See requirements.txt for all dependencies.
You can install OPAL using Docker, Bioconda, or as follows.
Install pip if not already installed (tested on Linux Ubuntu 18.04):
sudo apt install python3-pip
Should you receive the message Unable to locate package python3-pip
, enter the following commands and repeat the previous step.
sudo add-apt-repository universe
sudo apt update
Then run:
pip3 install cami-opal
Make sure to add OPAL to your PATH:
echo 'PATH=$PATH:${HOME}/.local/bin' >> ~/.bashrc
source ~/.bashrc
Note: Support for the BIOM format has been dropped (temporarily) in OPAL 1.0.4 due to incompatibility with Python 3.7.*.
OPAL uses at least two files:
- A gold standard taxonomic profile
- One or more taxonomic profiles to be assessed
Files must be in the CAMI profiling Bioboxes format or in the BIOM (Biological Observation Matrix) format. Program tsv2biom.py allows to convert profiles from the former format to the latter.
The BIOM format
The BIOM format used by OPAL is a sparse matrix stored in a JSON or HDF5 file, with a column per sample and a row per taxonomy ID, storing the corresponding abundances. RANK, TAXPATH, and TAXPATHSN are stored as metadata of each row and have the same meaning as in the CAMI profiling Bioboxes format:
- RANK: taxonomic rank
- TAXPATH and TAXPATHSN: path from the root of the taxonomy to the respective current taxon, including the current taxon, separated by a
|
. TAXPATH and TAXPATHSN contain identifiers and plain names, respectively, of the taxonomies. For more details and examples, see CAMI profiling Bioboxes format.

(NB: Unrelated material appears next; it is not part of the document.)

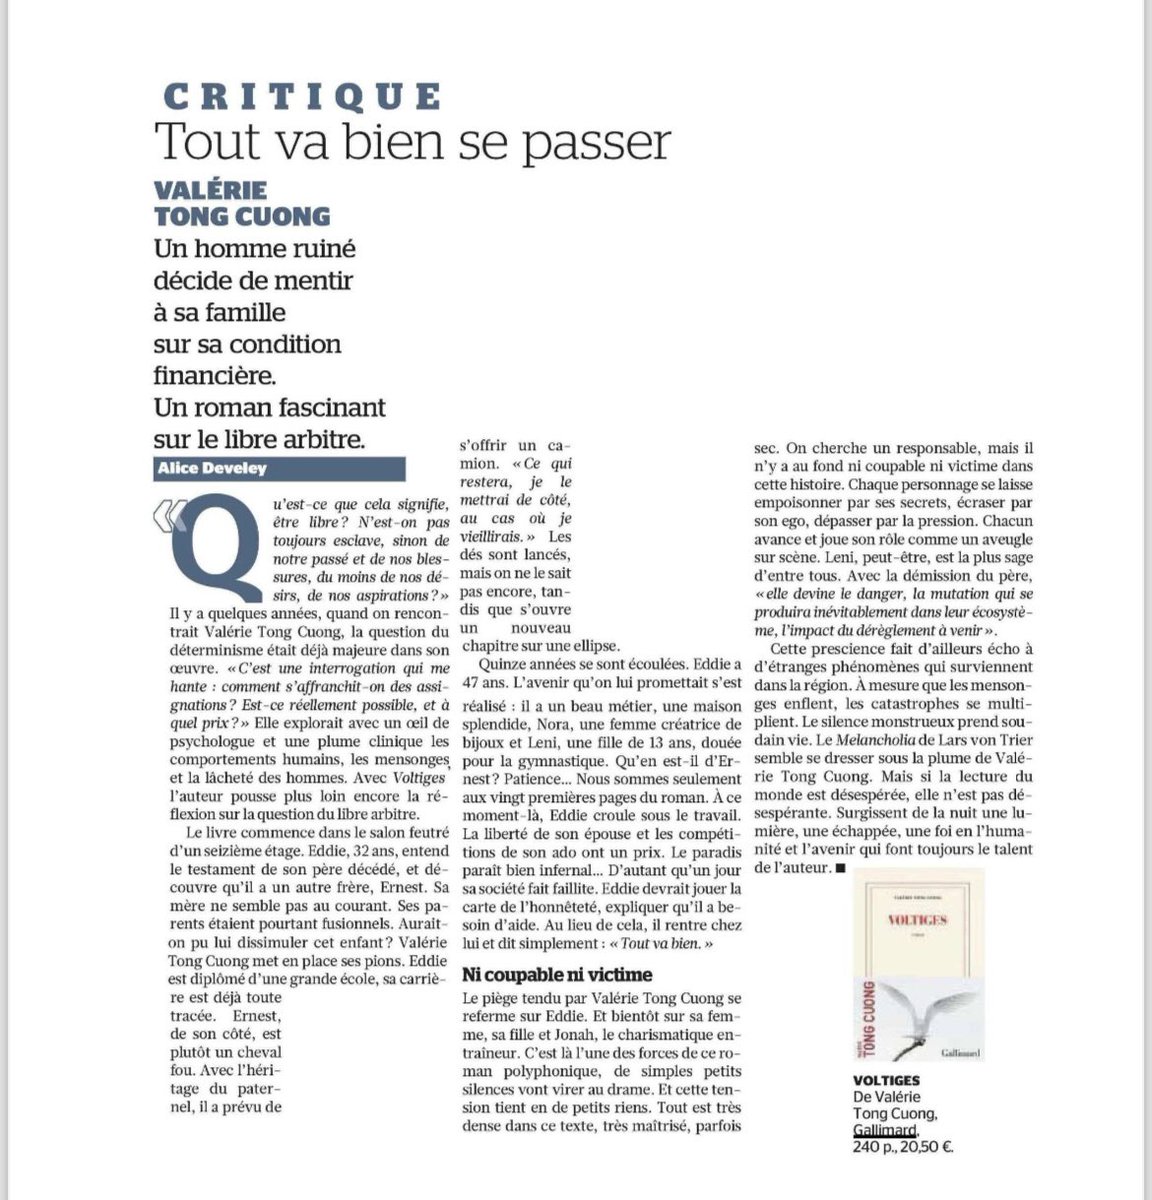 Merci @AliceDeveley @Le_Figaro #voltiges @Gallimard

usage: opal.py -g GOLD_STANDARD_FILE -o OUTPUT_DIR [-n] [-f FILTER] [-p] [-l LABELS] [-t TIME] [-m MEMORY] [-d DESC] [-r RANKS] [--metrics_plot_rel METRICS_PLOT_REL]
[--metrics_plot_abs METRICS_PLOT_ABS] [--silent] [-v] [-h] [-b BRANCH_LENGTH_FUNCTION] [--normalized_unifrac]

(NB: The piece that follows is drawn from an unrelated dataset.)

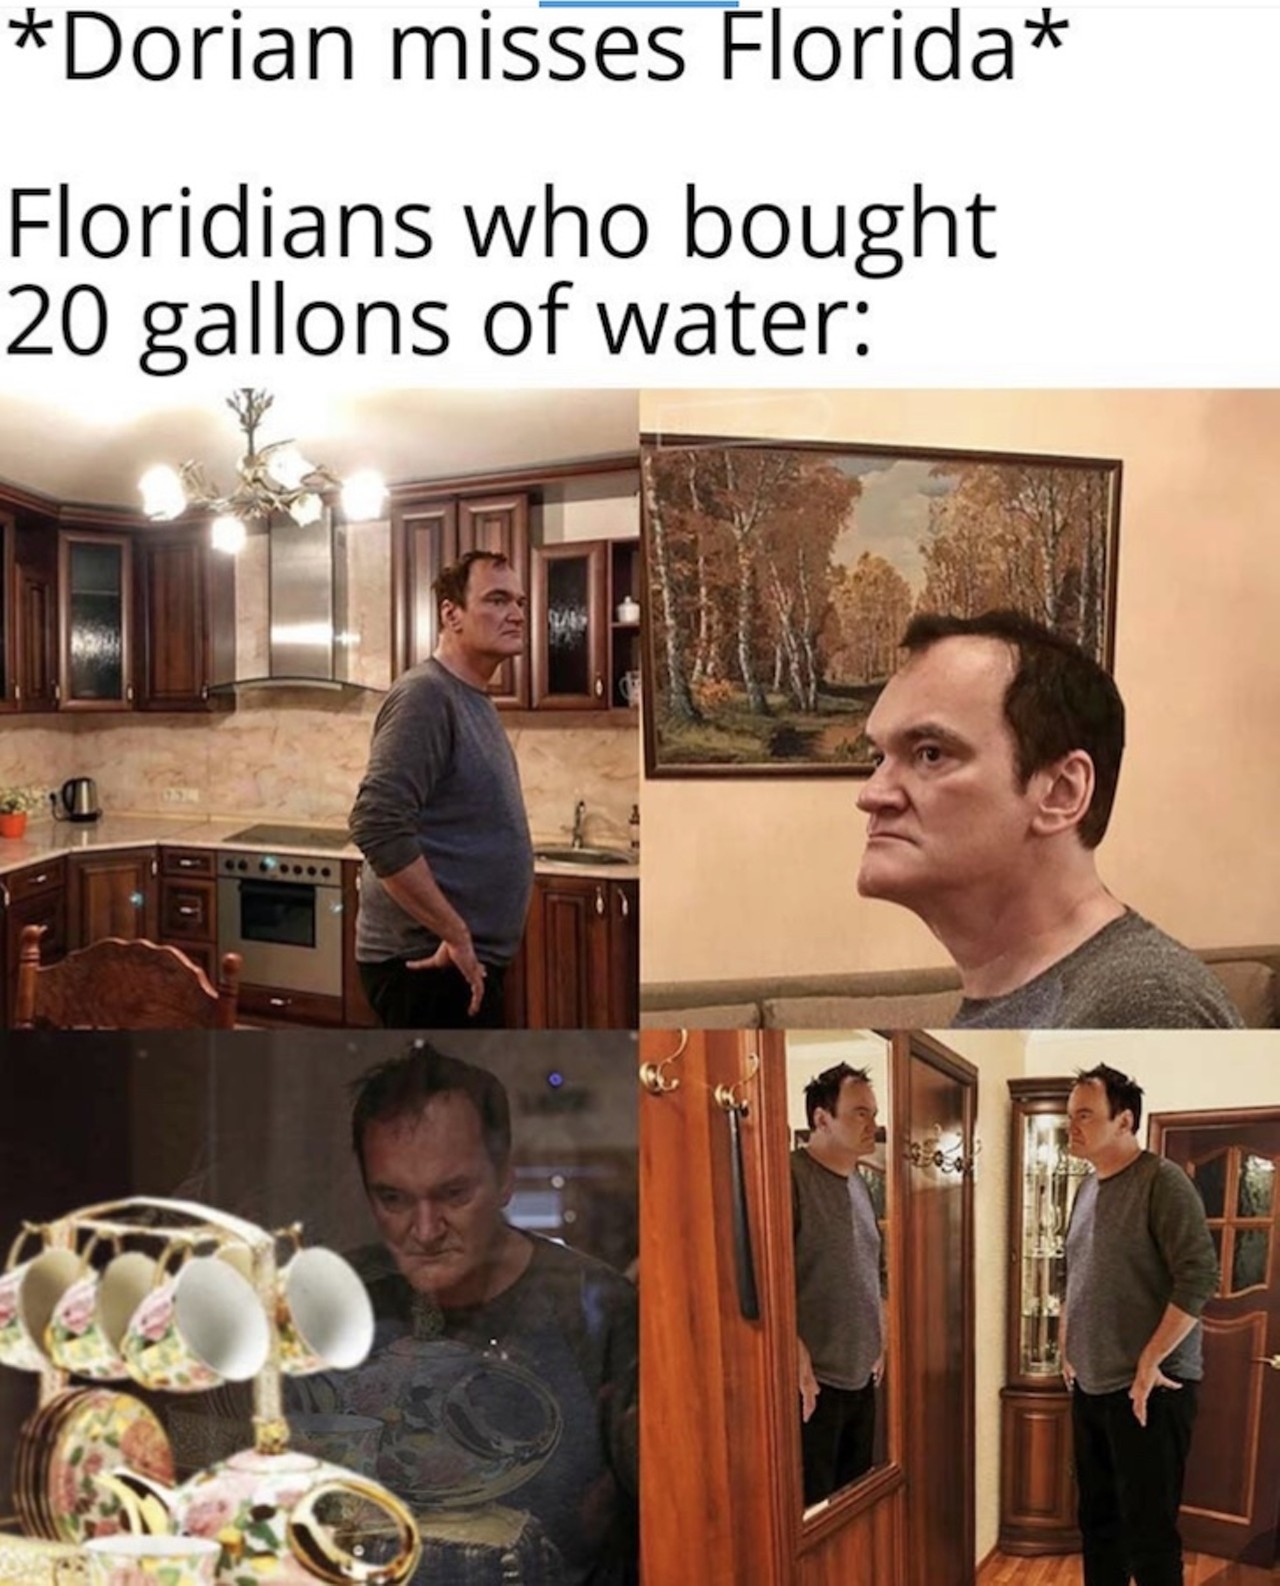 A surge of pointless Hurricane Dorian memes have already hit Florida

profiles_files [profiles_files ...]
OPAL: Open-community Profiling Assessment tooL
required arguments:
profiles_files Files of profiles
-g GOLD_STANDARD_FILE, --gold_standard_file GOLD_STANDARD_FILE
Gold standard file
-o OUTPUT_DIR, --output_dir OUTPUT_DIR
Directory to write the results to
optional arguments:
-n, --normalize Normalize samples
-f FILTER, --filter FILTER
Filter out the predictions with the smallest relative abundances summing up to [FILTER]% within a rank
-p, --plot_abundances
Plot abundances in the gold standard (can take some minutes)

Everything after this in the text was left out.